From first line to last, copy the listing exactly and omit its pictures.

Data segment =

== Segment start ==

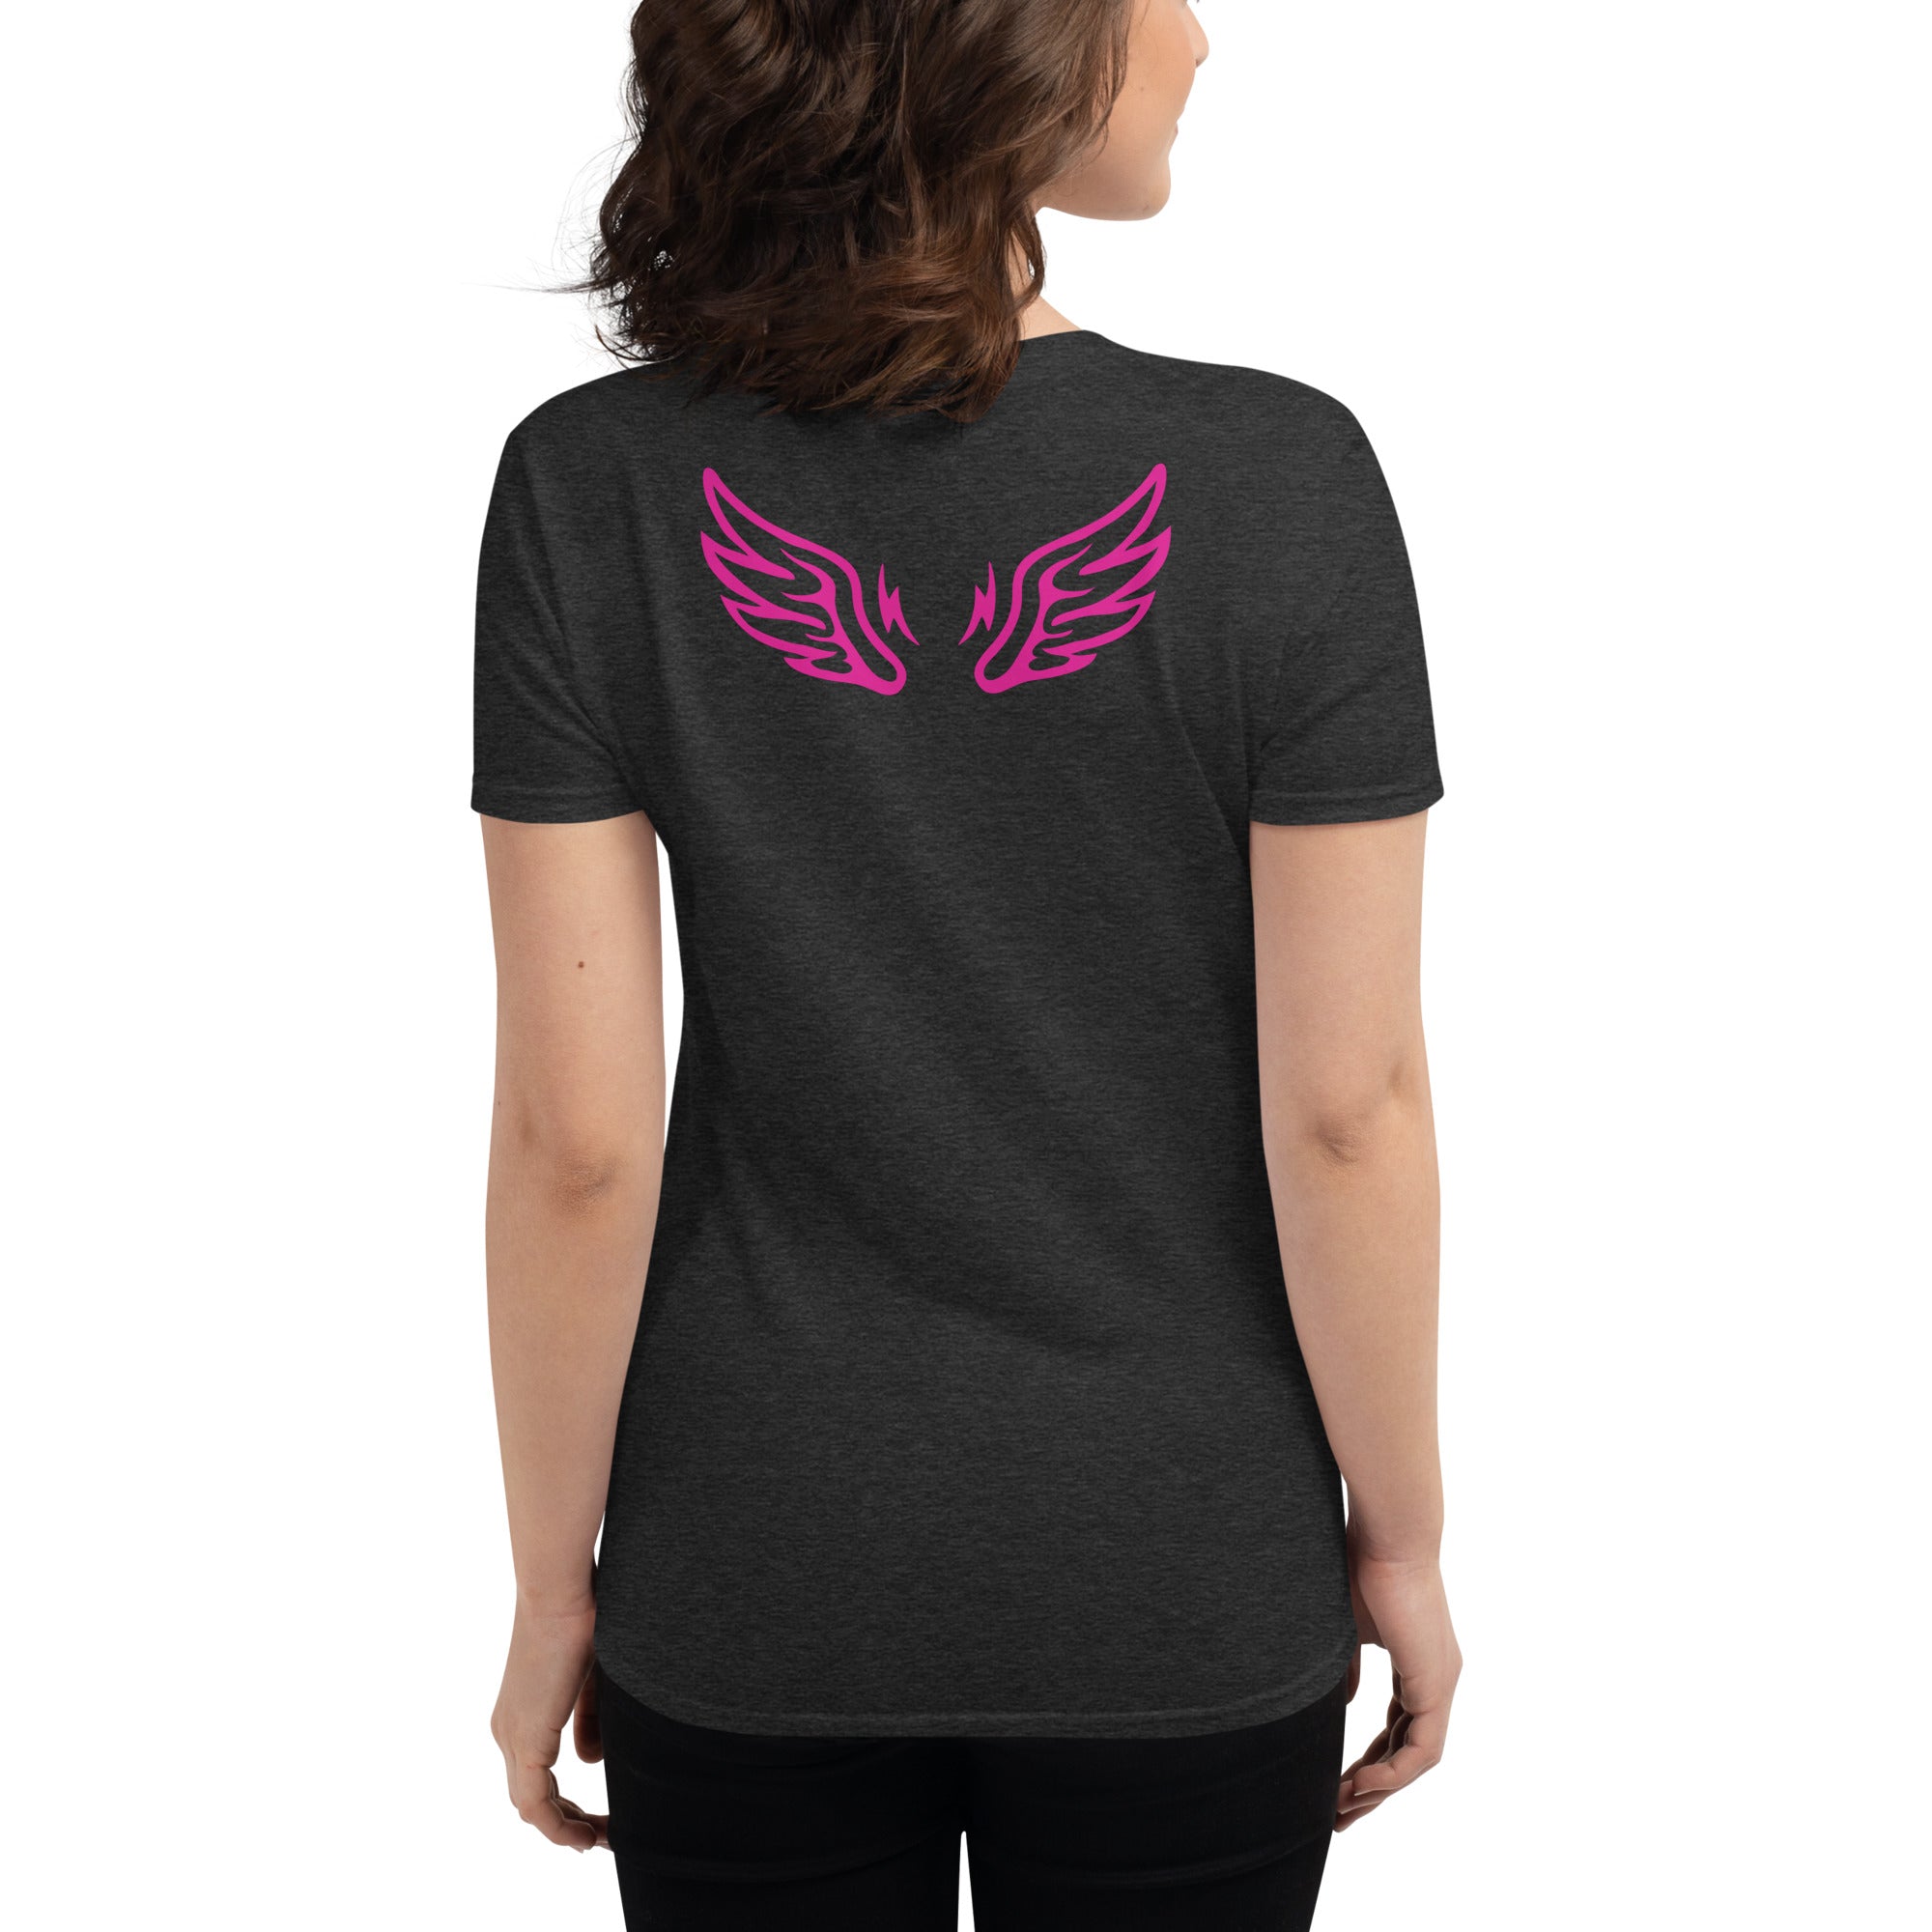 Voodoo Spirit Wings Women's short sleeve t-shirt
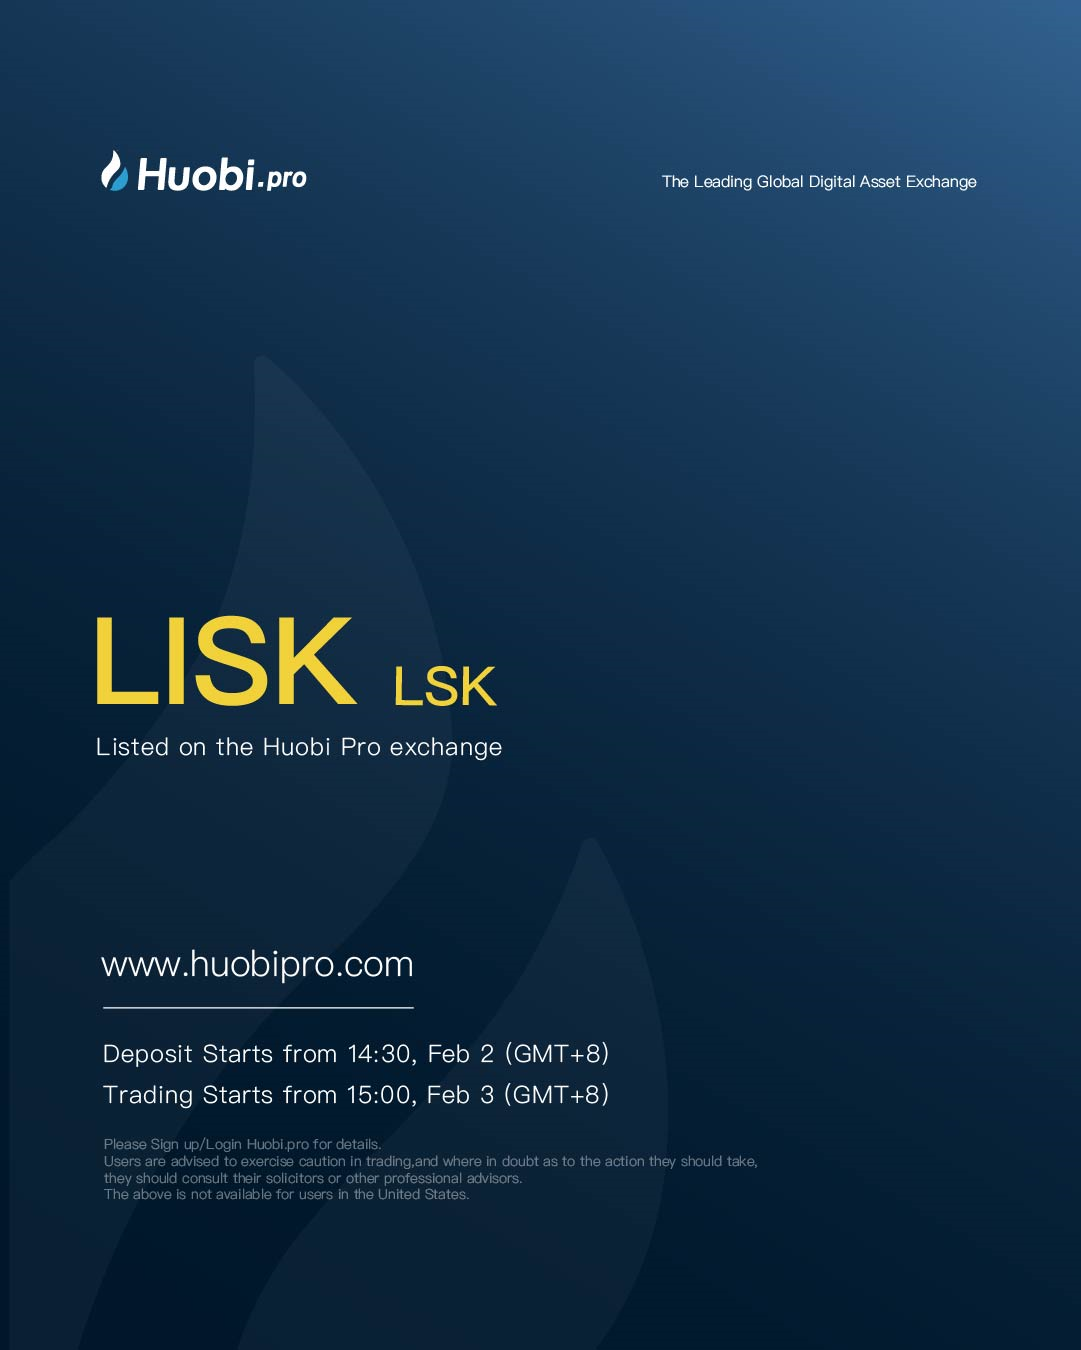 Huobi Pro Launches LISK(LSK) on 2 February 2018 (GMT+8)
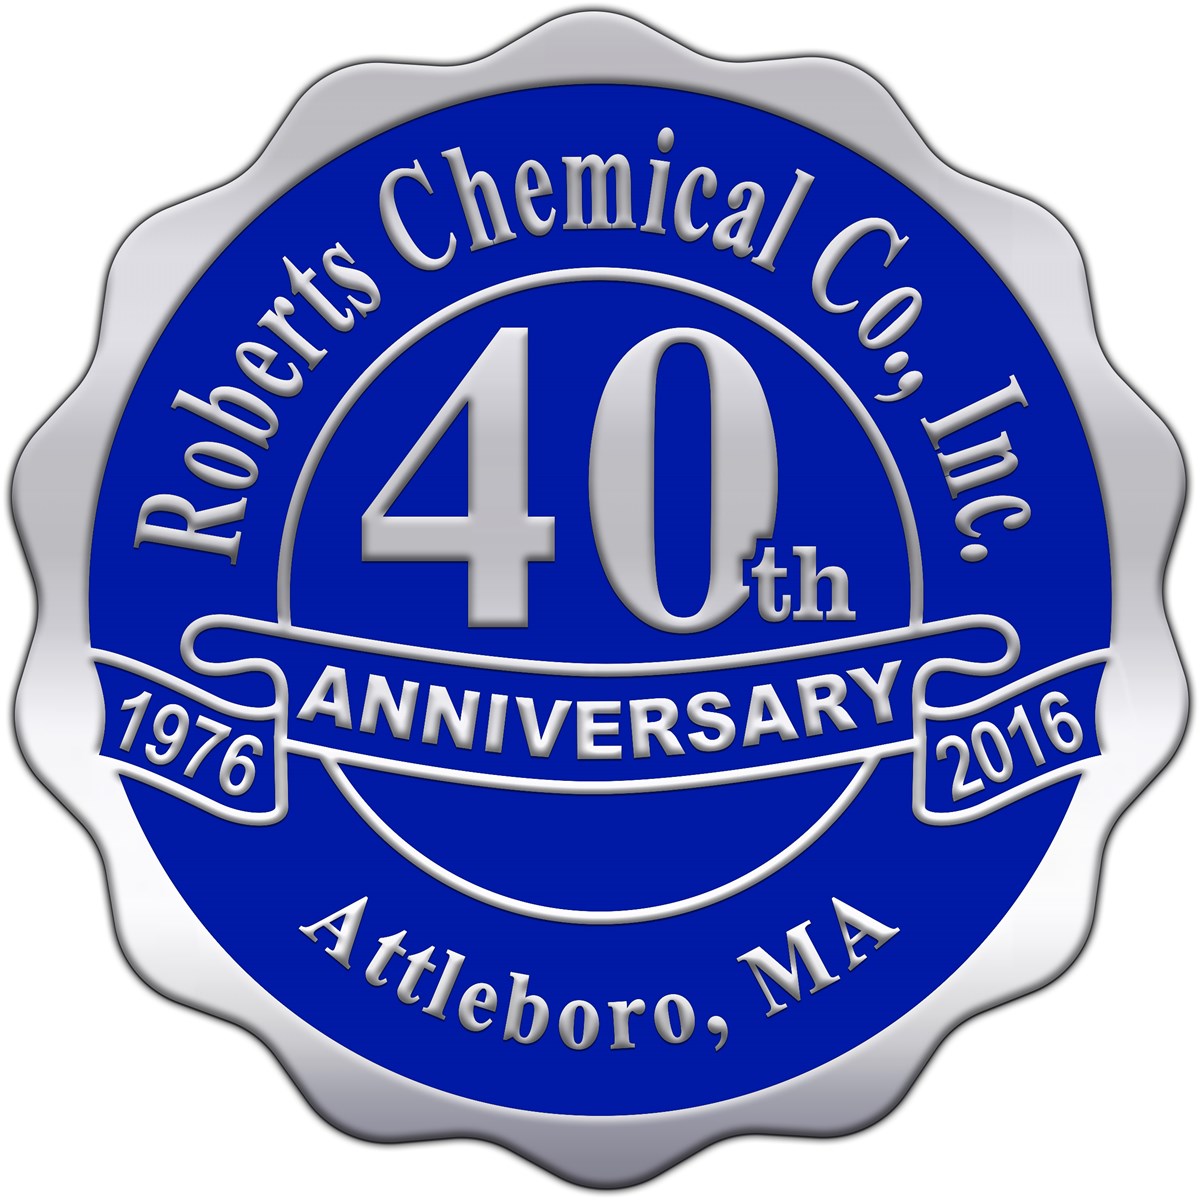 Roberts Chemical News
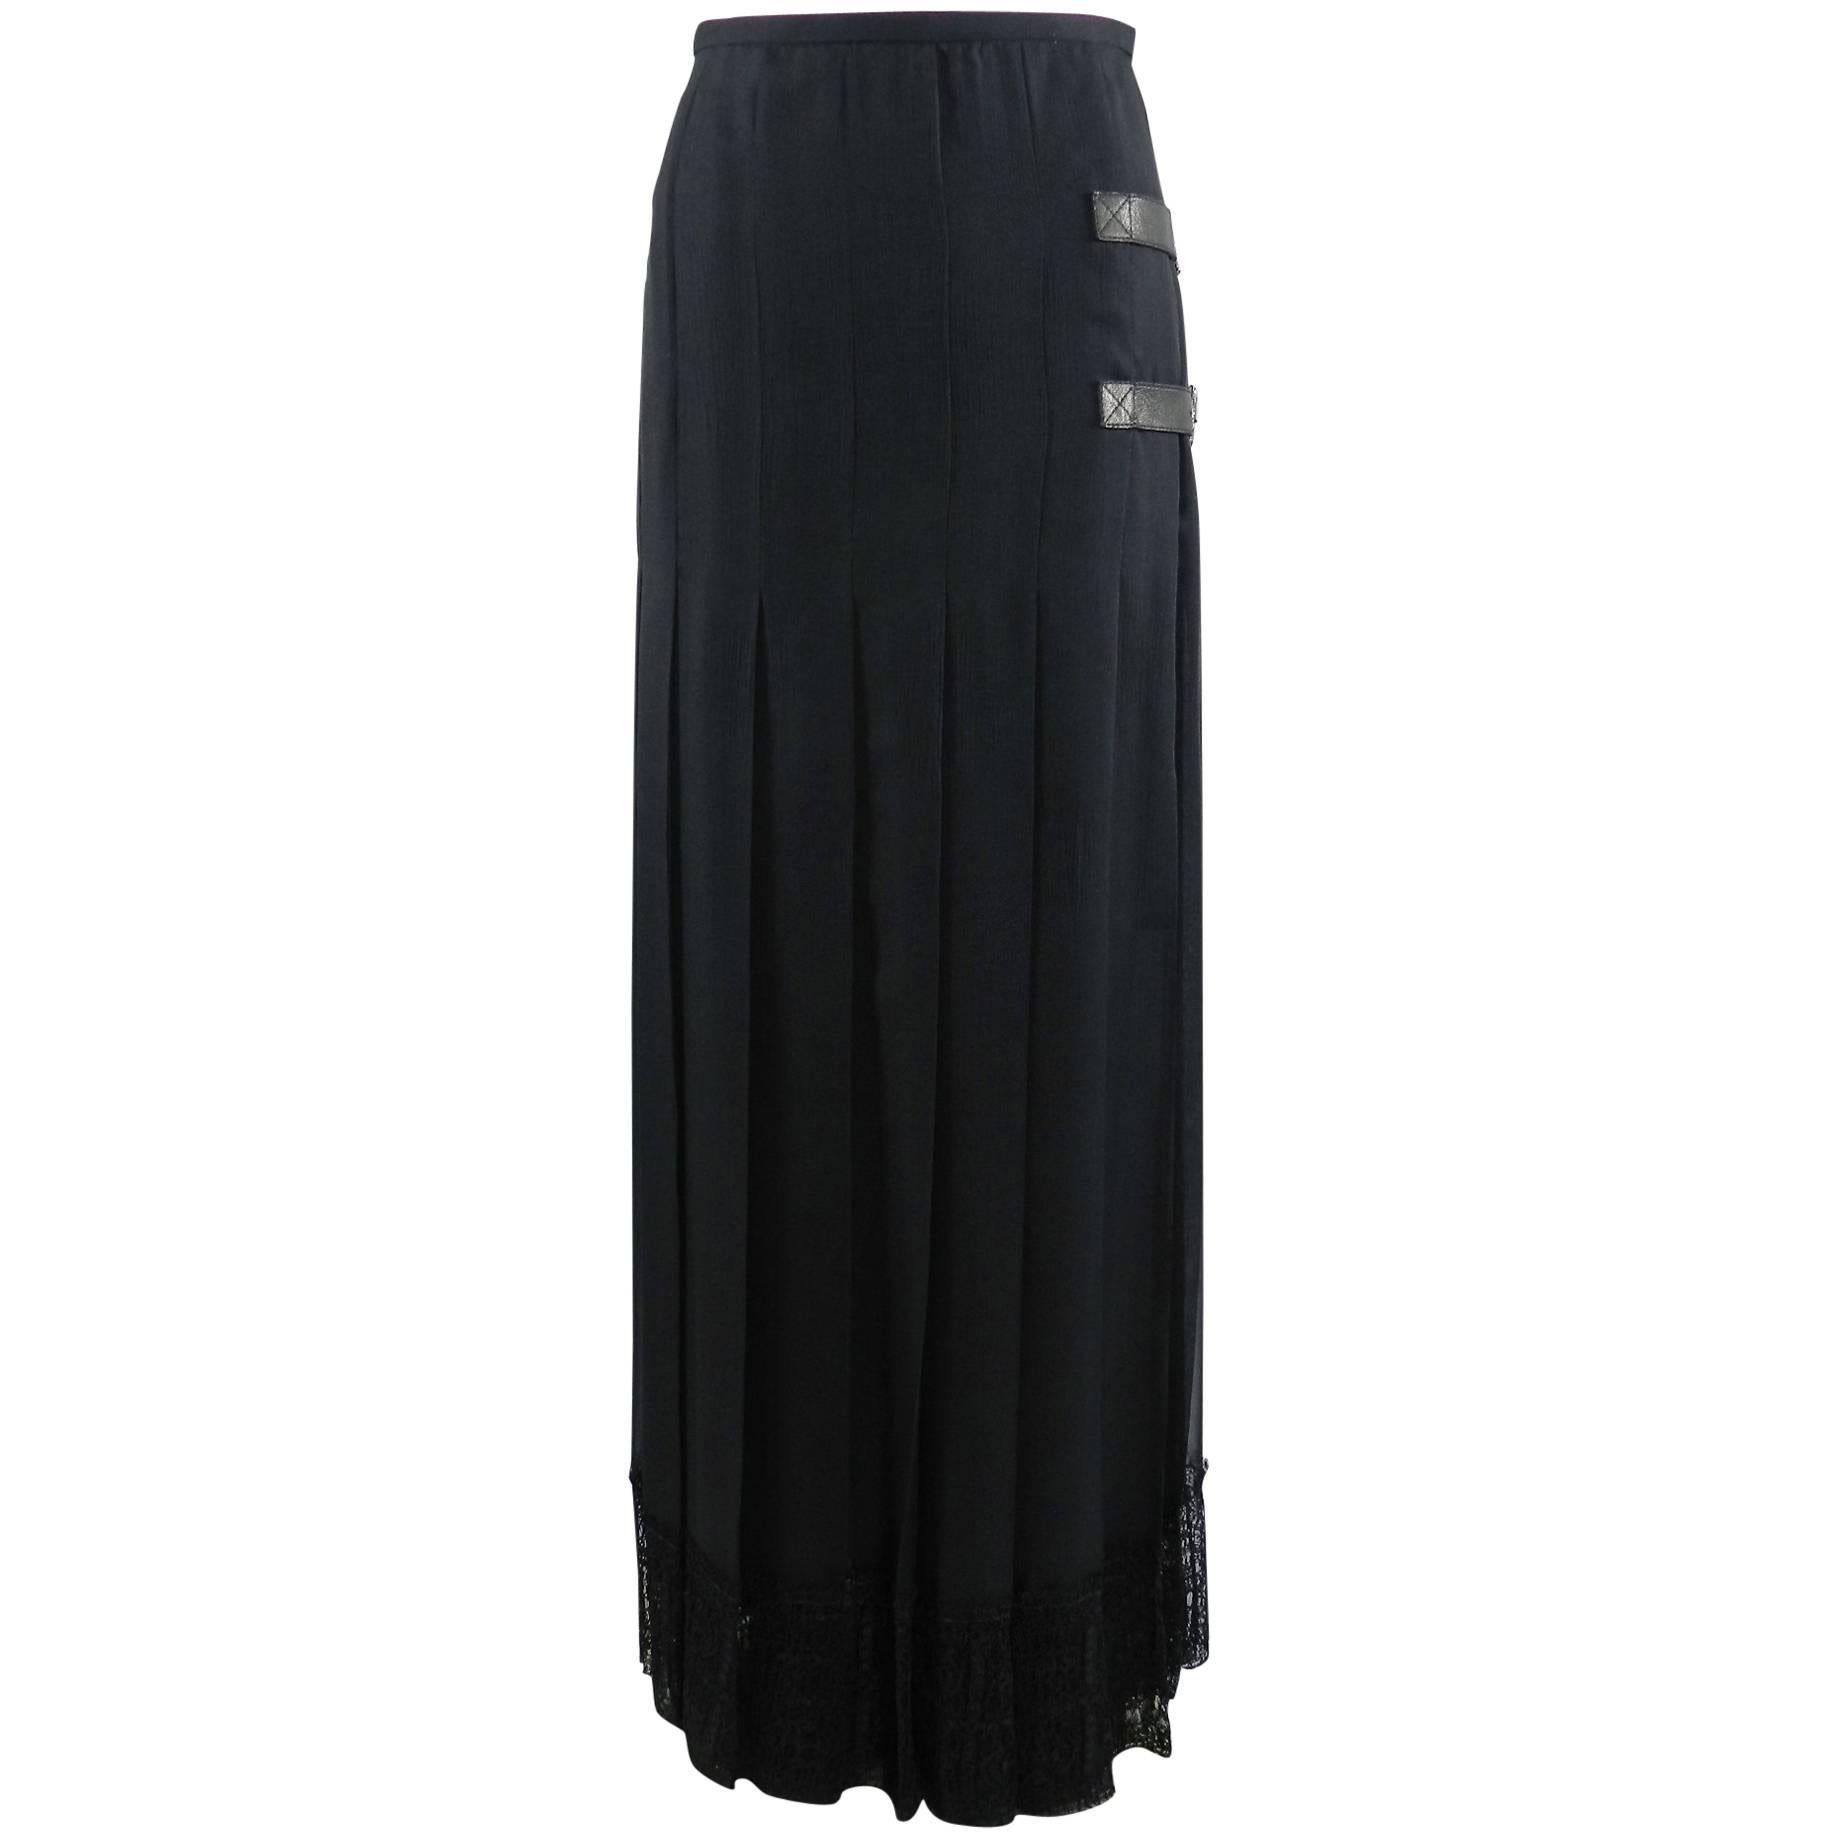 Chanel Edinburgh 13A 2013 Runway Long Black silk Skirt with Lace Hem

== Segment end ==

Response below =
 Voodoo Spirit Wings Women's short sleeve t-shirt
 Huobi Pro Launches LISK(LSK) on 2 February 2018 (GMT+8)
 Roberts Chemical News
 Chanel Edinburgh 13A 2013 Runway Long Black silk Skirt with Lace Hem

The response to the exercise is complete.